Я постоял немного в нерешительности. Представил себе, как достаю инструменты, подбираю свёрла, сверлю девять дырок под зеркало и всякие полочки, слушая пронзительное визжание дрели, как обстругиваю палочки для деревянных пробок, режу, забиваю их в дырки, высверливаю в них тоненькие отверстия для шурупов, вкручиваю девять шурупов, надеваю на шурупы полочки, а они вдруг не подходят, потому что я ошибся, замеряя между ними расстояние…
Я отправился вслед за Аней в комнату. Она сидела на диване, глядя на меня исподлобья. Я сел рядом. Положил руку ей на джинсы возле колена.
– Аня, – сказал я ласково, – давай завтра.
– Завтра будет то же самое.
– Завтра я буду морально готов. Мы же договаривались с тобой, что я ничего не буду делать в отпуске. Я не ожидал сегодня.
– А глаз у тебя нет? Сам не видишь, чего в доме не хватает? Мы уже три месяца тут живём! Тебе самому удобно таскать своё зеркало в ванную, чтобы побриться? Там его даже поставить некуда!
– Аня, ты права. Я обещаю, что завтра всё сделаю.
– Ты очень много всего обещаешь, – при этом она резко встала и отправилась на кухню.

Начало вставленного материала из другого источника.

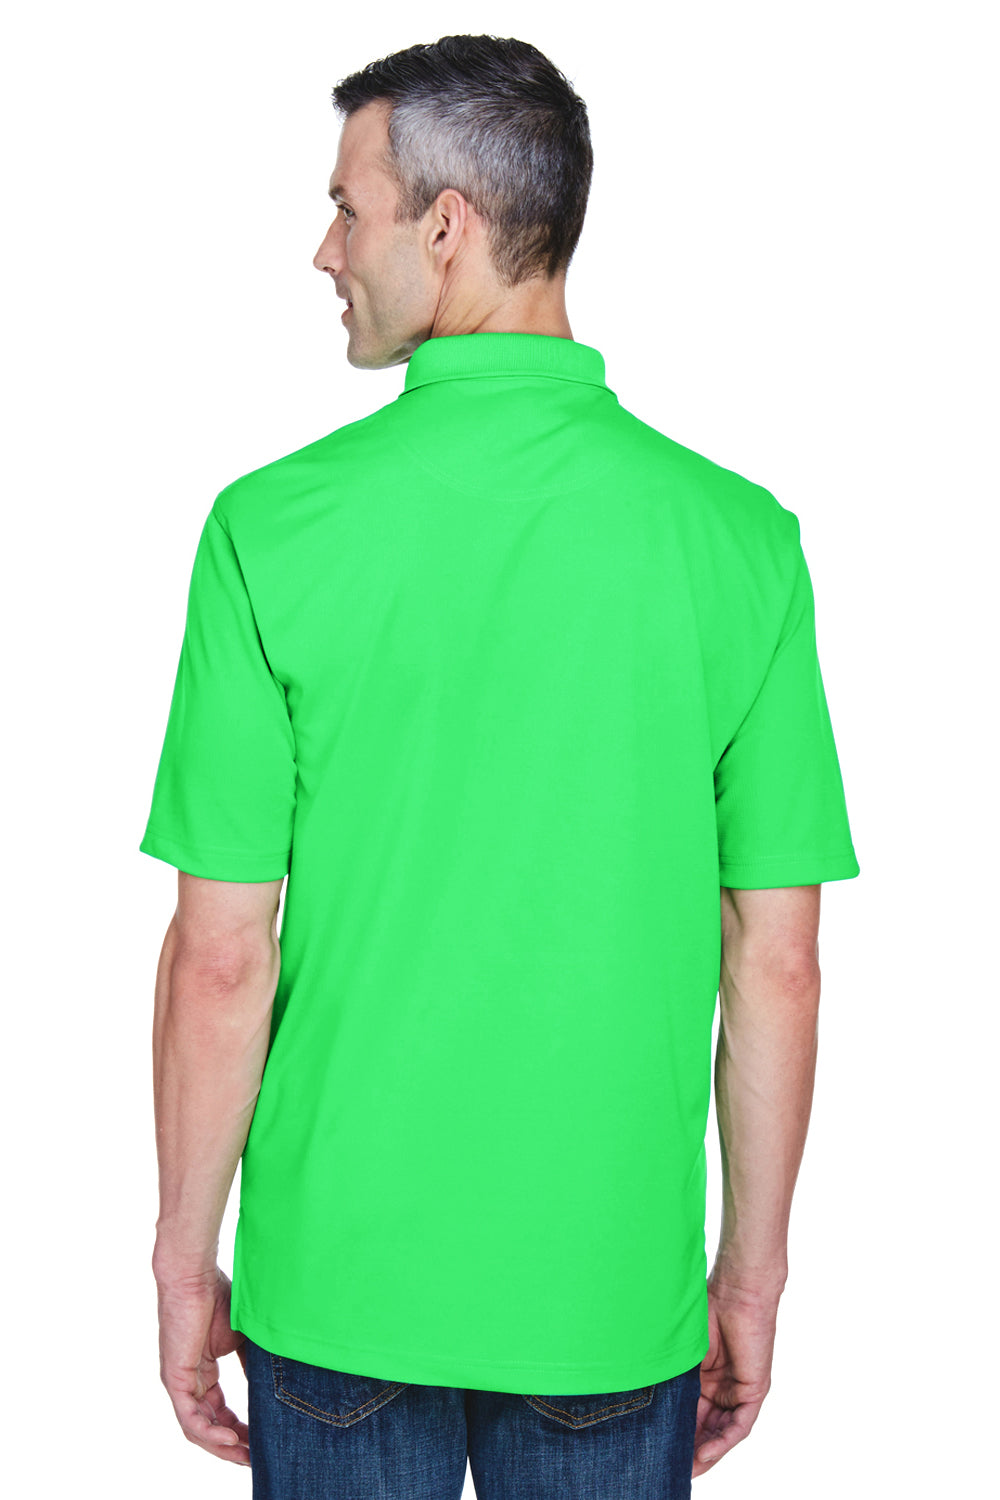 UltraClub 8445 Mens Cool & Dry Performance Moisture Wicking Short Sleeve Polo Shirt Cool Green Back

Я вздохнул. Непонятно, что она хотела этим сказать. Никогда я ничего ей не обещал. Ни разу. Но, в общем-то, она права. Я обленился. А значит, надо повесить это проклятое зеркало сегодня.
Я встал, подошёл к двери кладовки, открыл её и еле успел отскочить. На пол с грохотом посыпались железки, банки, старые ботинки…
– А я тебя просила – приберись в кладовке, – донеслось с кухни.
Я скрипнул зубами и стал молча запихивать всё назад, попутно выискивая в этом хламе сверла и какую-нибудь деревяшку. Сверла нашёл. Задумался. Похоже, пробки вырезать не из чего. Да и потом, намного проще купить готовые пластмассовые дюбели.
Я порылся в кармане и понял, что денег у меня нет. Попытался вспомнить, куда потратил. Не вспомнил. Отправился на кухню. Аня хмуро, резкими движениями чистила картошку.
– Ань, – сказал я. – Дай десять рублей.
– Зачем?
– У меня дюбелей нет. Купить надо.
– У тебя вечно ничего нет. Мужик в доме, называется… – она вздохнула и вытерла кончик носа тыльной стороной запястья, не выпуская нож из руки. – Ну, возьми.
– Где?
– Блин… Ну ты что, не знаешь, где в доме деньги?
– Нет… – я понимал, что выгляжу полным идиотом, но я действительно очень замотался после переезда на новую квартиру и не мог следить, что у нас происходит.
– В чёрной шкатулке, в баре. На дне.
– Э… угу, – я прошёл в комнату, открыл бар. Порылся в шкатулке. Там лежали только пятисотки. Я взял одну. Оделся. Вышел на улицу.